Self-promotion (sorry!)

I always have to be a bit self-promotional. The Food Systems Countdown Initiative (FSCI) has published its third annual paper in Nature Food and Policy Report. The highlights?

The FSCI interactive tool on the Food Systems Dashboard

  • Over the past two decades, meaningful progress has been made in improving food systems. Of the 42 indicators examined, slightly fewer than half (20) changed in a desirable direction from 2000 to 2022.

  • Most of the FSCI tracked food system indicators interact with other indicators, either directly or indirectly, meaning that change in any one area of food systems is likely to affect others and that unlocking change may require coordinated action across multiple dimensions.

  • Certain indicators related to governance and resilience are key leverage points — and could be critical because of their influence and dependence on other aspects of food systems, and change in them can affect many other indicators.

One cool thing we did was put the indicators and their interactions on the Food Systems Dashboard. You can play with the FSCI data in all kinds of ways. To get yourself oriented, you can find the indicators here, all the data globally and by country, the country profiles of the FSCI data (for example, Kenya), and last, the interaction tool (which is pretty neat).

We’re screwed, but some more than others. And that is not fair…

  • The scary annual World Risk Report just came out and it just got a bit scarier this year. Gee, I wonder why…we are so screwed.

  • Reuters published a heartbreaking collection of journalism entitled “Starving World.” Just devastating but worth taking the time to read.

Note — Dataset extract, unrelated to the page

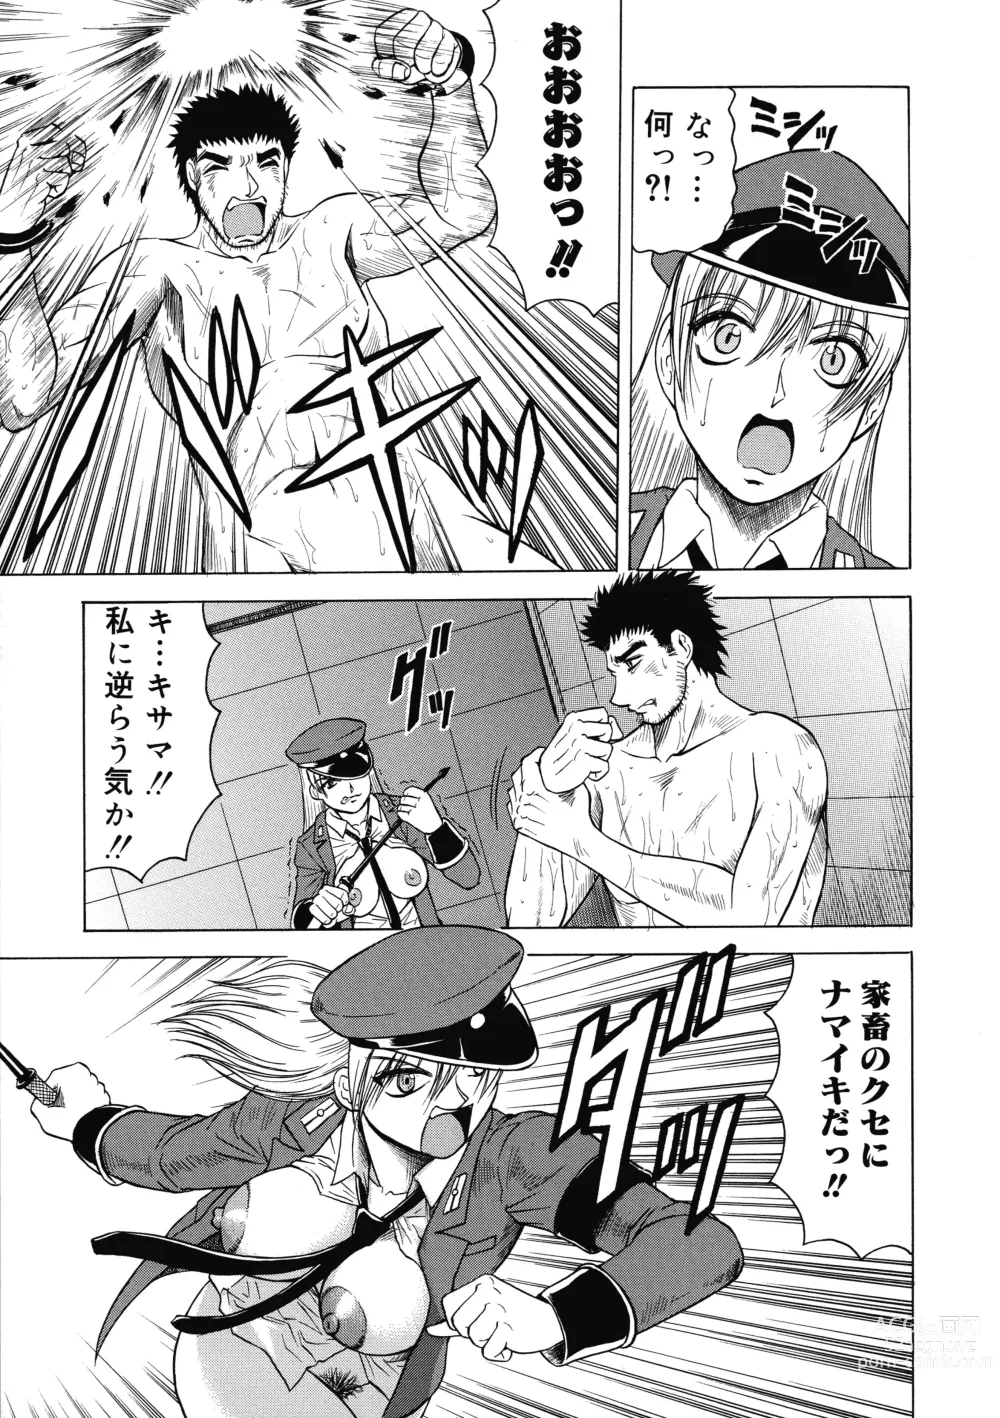 Page 155 of manga Ichigeki Nousatsu Satsuki-sensei

  • With avian flu sparking and spreading, this article in Nature Reviews Biodiversity is a warning call about pathogens and planetary change.

It all feels wrong

Well, here we are. We could see this coming. We could say we predicted it. But now that it’s here, it stings a bit more, cuts deeper, and blankets everything with sadness. Where the United States, and for that matter, the world, goes from here is anyone's guess. Journalists pontificate, academics hypothesize, and political pundits postulate, but we have no idea what will come and where world order is headed.

This election and its results have been a slow burn for me - one that has been in play for a decade, following other societal trends that don’t totally align with my worldview. I think—and this may also be a consequence of age—I have officially lost the thread. The world seems to me like it has gone completely mad. I don’t get why people must take so many pictures of themselves and post them repeatedly on social media. I don’t resonate with people who remain staunchly optimistic when the world is so off-kilter with climate change, conflict, and inequity. I don’t understand why 733 million people going hungry, a 73% decline in wildlife populations since 1970, and a planet burning up, doesn’t make people infuriated and rise up!

In times like this, I turn to the arts—drowning myself in music and movies—the darker and more brooding, the better to complement my mood. The Cure’s new album, Songs of a Lost World, is one of their best albums in years. Like this song, entitled EndSong:

It's all gone, it's all gone

Nothing left of all I loved

It all feels wrong

It's all gone, it's all gone, it's all gone

No hopes, no dreams, no world

No, I don't belong

I don't belong here anymore

Don’t worry, my dear readers, I am fine. These lyrics are borderline suicidal, but that’s Robert Smith for ya— the king of goth is chronically depressed and despairing, but at least he stays true to his calling and self. While these lyrics are sullen, the world indeed does not feel all that right, and it is hard to find a place to fit neatly in it and remain, well, chipper (and by the way, he did write Friday I’m in Love - not my fav). At least for many, the feeling of belonging in the U.S. is getting harder (and scarier) to imagine.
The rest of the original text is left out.